PERTH (miningweekly.com) – Gold miner AngloGold Ashanti will start a feasibility study into a second underground mine at its Tropicana operations, in Western Australia, in 2021.
Speaking at the Diggers & Dealers conference, in Kalgoorlie, AngloGold Ashanti senior VP for Australia Michael Erickson noted that the miner had recently decided to go ahead with the Havana Stage 3 cutback, after a trade-off study confirmed that the openpit cutback returns would be superior to an early underground strategy.
“The Havana cutback will generate a further 32-million tonnes of ore for 1.5-million ounces of gold, extending the mine life from 2027 to 2030, with commercial production from the expanded Havana pit scheduled to be achieved in late 2020,” Erickson said on Monday.

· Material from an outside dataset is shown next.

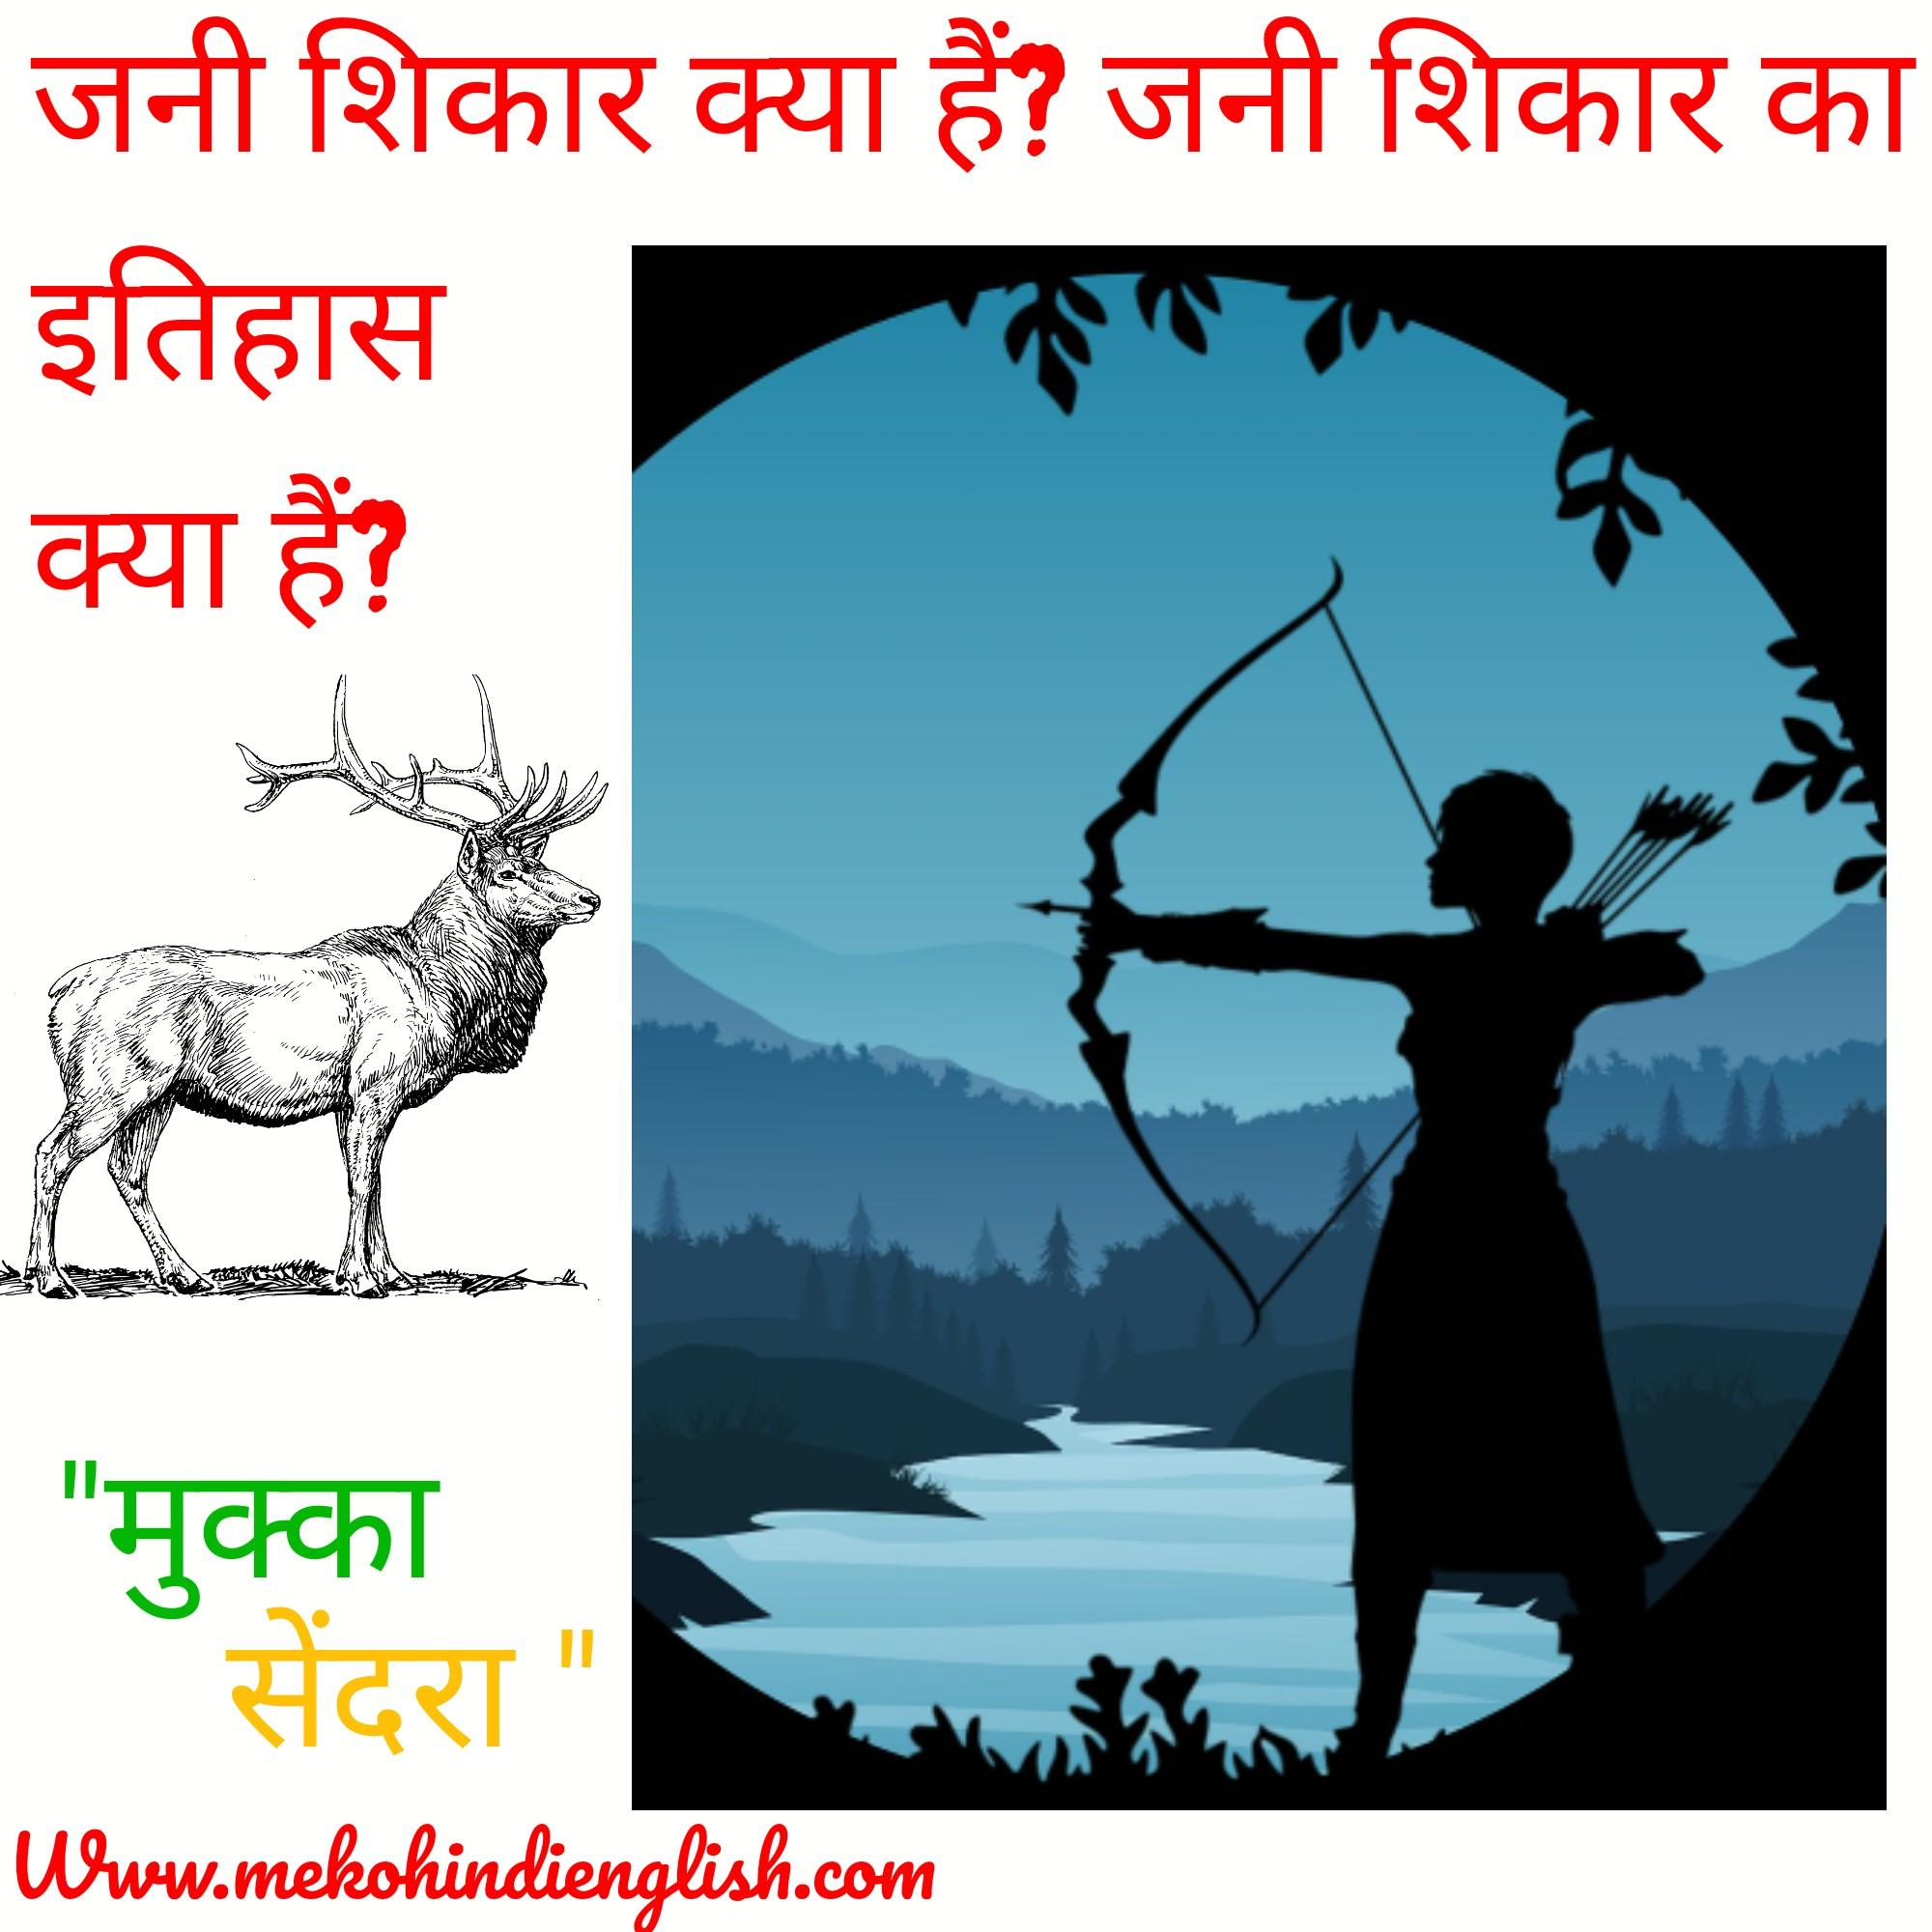 https://www.mekostudy.com/2020/10/what-is-zany-poaching-or-punching-where-did-it-begin-history%20-of-zany-shikar-hunting.html

“The Havana pit will provide a stable production base to incorporate additional underground sources and further exploration success into the life-of-mine plan,” he said.
The Boston Shaker underground mine, at Tropicana, achieved commercial production in September last year, and the project is targeted to reach its full production rate of one-million tonnes a year by the December half of this year.
Boston Shaker is expected to contribute some 100 000 oz/y of production to Tropicana, Erickson said.
“Boston Shaker is only the first of what we anticipate will be several underground mines at Tropicana,” he added.
Production at Tropicana is expected at between 400 000 oz and 450 000 oz this year, and from 2022 onwards, annual gold production will normalize at between 450 000 oz/y to 500 000 oz/y as the low grade stockpile ore in the mill feed is displaced by a larger proportion of Boston Shaker underground ore and an increasing contribution of higher grade ore from the Havana pit, as the cutback progresses.
Gold miner Regis Resources recently completed a A$903-million acquisition of a 30% interest in the Tropicana project, from fellow-listed Independence Group.
The two companies struck a sales agreement in April of this year, after IGO completed a strategic review of the asset, considering a number of options to realise full value for its share in the gold joint venture.
Following the necessary adjustments, the consideration paid to IGO amounted to A$889-million.